Ex: Say you have these documents on your couchbase bucket…

  • doc-airline-23
  • doc-airline-421
  • doc-airport-992

Using the regexp: -[a-z]*-, the docIDs that would match the pattern are: “-airline-” and “-airport-”.
Setting the above regex in your “Doc ID with regex” field, you’ll be able to define top level type mappings: “-airline-” or “-airport-” to index only those documents whose Doc IDs contain the term.

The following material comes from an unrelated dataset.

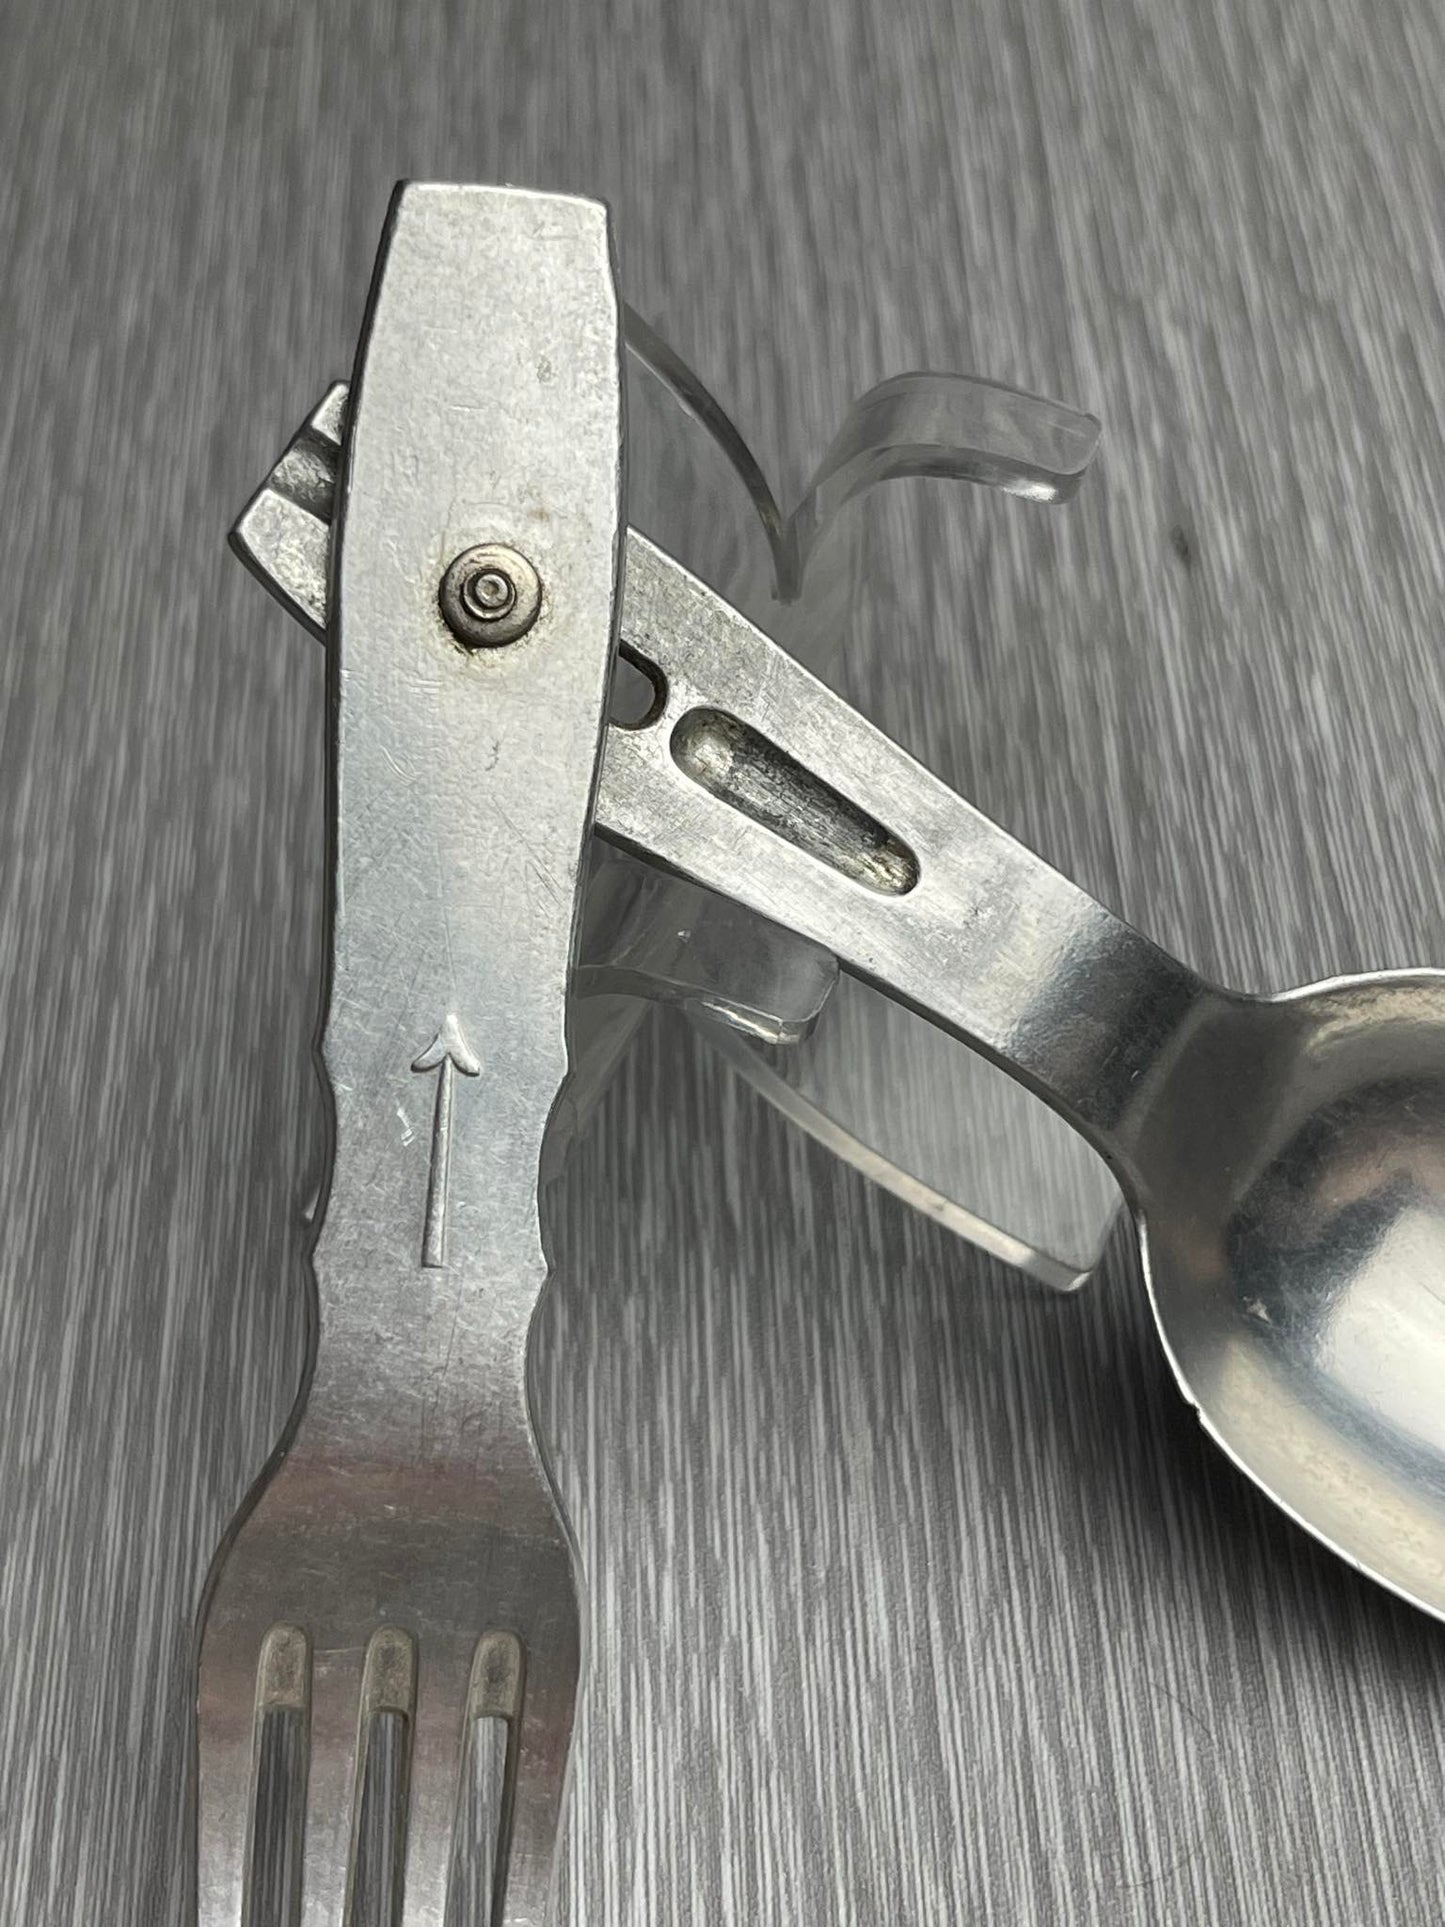 GERMAN WW2 EXPERIMENTAL UTENSILS BY WSuCL

So setting this as your index definition would index all attributes of documents with “-airline-” in their IDs …

{
  "name": "temp",
  "type": "fulltext-index",
  "params": {
    "doc_config": {
      "docid_regexp": "-[a-z]*-",
      "mode": "docid_regexp"
    },
    "mapping": {
      "default_analyzer": "standard",
      "default_datetime_parser": "dateTimeOptional",
      "default_field": "_all",
      "default_mapping": {
        "dynamic": true,
        "enabled": false
      },
      "types": {
        "-airline-": {
          "dynamic": true,
          "enabled": true
        }
      }
    },
    "store": {
      "indexType": "scorch"
    }
  },
  "sourceType": "couchbase",
  "sourceName": "bucket",
  "sourceUUID": "",
  "uuid": ""
}

Hope that explains what “Doc ID with regex” is intended to do. Note that this won’t assist you in searching the doc IDs based on a regexp - it’ll only index ones that you’ve matched using the regexp.

The Doc ID query would only assist you to retrieve documents if you specify the exact ID(s) - so I gather this isn’t what you want.

Now if you want to search across all documents by applying a regexp you would need to issue a regexp query against the “_id” field that FTS automatically indexes.

Taking the previous example again, the following query would fetch me all documents that have “airline” in it …

{
  "query": {
    "regexp": ".*airline.*",
    "field": "_id"
  }
}